On the one hand, if science gives a normative answer, then it is not objective, value-neutral, falsifiable science (traditional science), but it is rather “normative science” or corporate science, which specifically advocates a policy.
On the other hand, if science gives a pragmatic answer, that science can help us earn more money, a better standard of living or discover the truth (such as Steven Pinker), then it doesn’t give us any path to common sense, good relationships, good health, a good spirit, and the common good, in other words, a holistic science of man.
The basic problem is that there is no universal science that can harmonize the aspects of personal life with each other and the personal life as whole with the social life, and the aspects of social life into common sense and the common good. Without the true universal science [scientia univeralis], there are only specialized sciences, and fragmentation.
The most pervasive social reflex to this dilemma of specialization and fragmentation, so far, has been woke capital, which is essentially the reification and decentralized dictatorship of confusion. Wokeness is based in post-modernism, affirming the contradiction that the only truth is that there is no truth, and we create truth and morals through the will to power. The fallacy is as old as Thrasymachus. The better way to respond and meet the challenge is through universal science, discovered almost 350 years ago, which is based in the foundations of geometry.

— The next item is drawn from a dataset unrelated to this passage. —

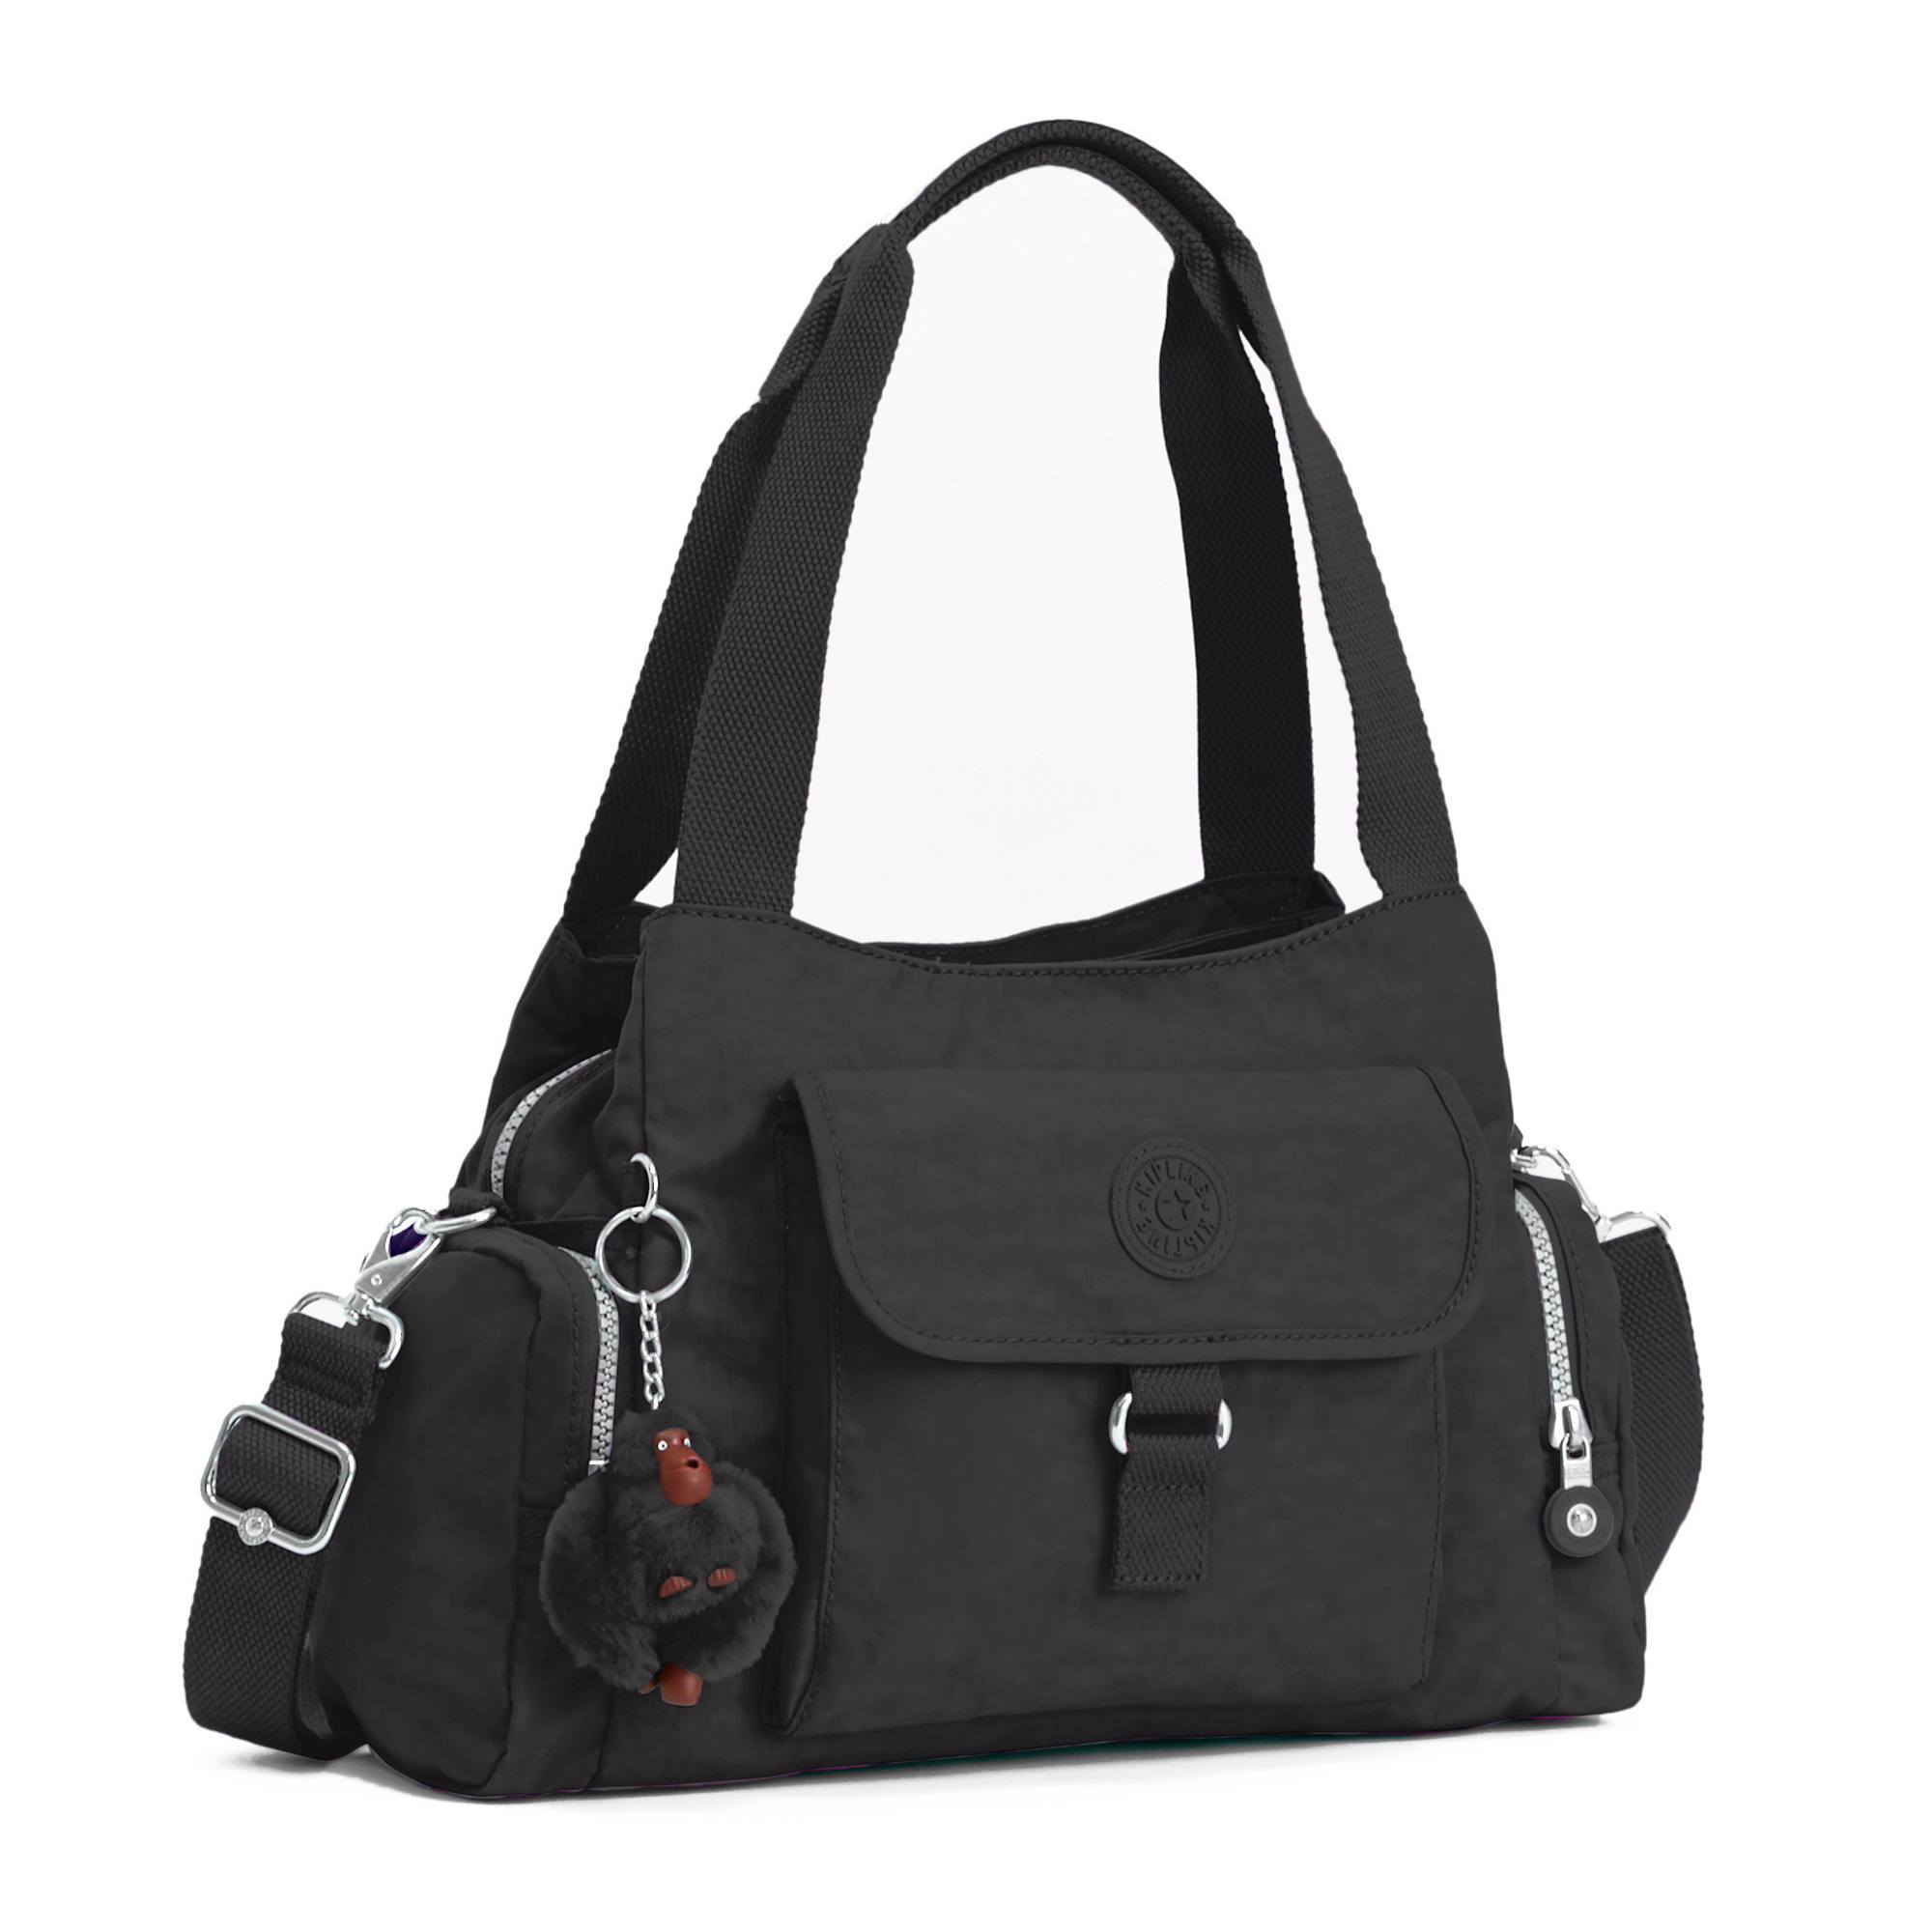 Kipling-Felix-Large-Handbag miniature 8

Many scholars do not think that Gottfried Leibniz ever achieved his goal of truly discovering and completing the system of universal science, despite the fact that he openly says in his writings that he did discover the universal science. I have found strong evidence that he did complete the task. My evidence is contained in this book, and there is much contemporary scholarship that supports the finding.
And now we are in a position to answer the question: the reason to study this book and others like it, is to discover the science that harmonizes all of the other sciences. This science is the true foundations of mathematics and natural science, discovered almost 350 years ago, and not fully understood until our own time. This science is what gives meaning and context to the other various sciences, it is what allows for harmony of economy, governance, science, and religion, and for the harmony of personal wealth, relationships, health, and spirit, as each individual maintains his fullest uniqueness. In other words, it allows the harmony of reason and Revelation, the two essential aspects of man. This science cannot be properly regarded as social science, but as sacred science, after Aristotle and St. Thomas Aquinas who inspired Gottfried Leibniz in its pursuit.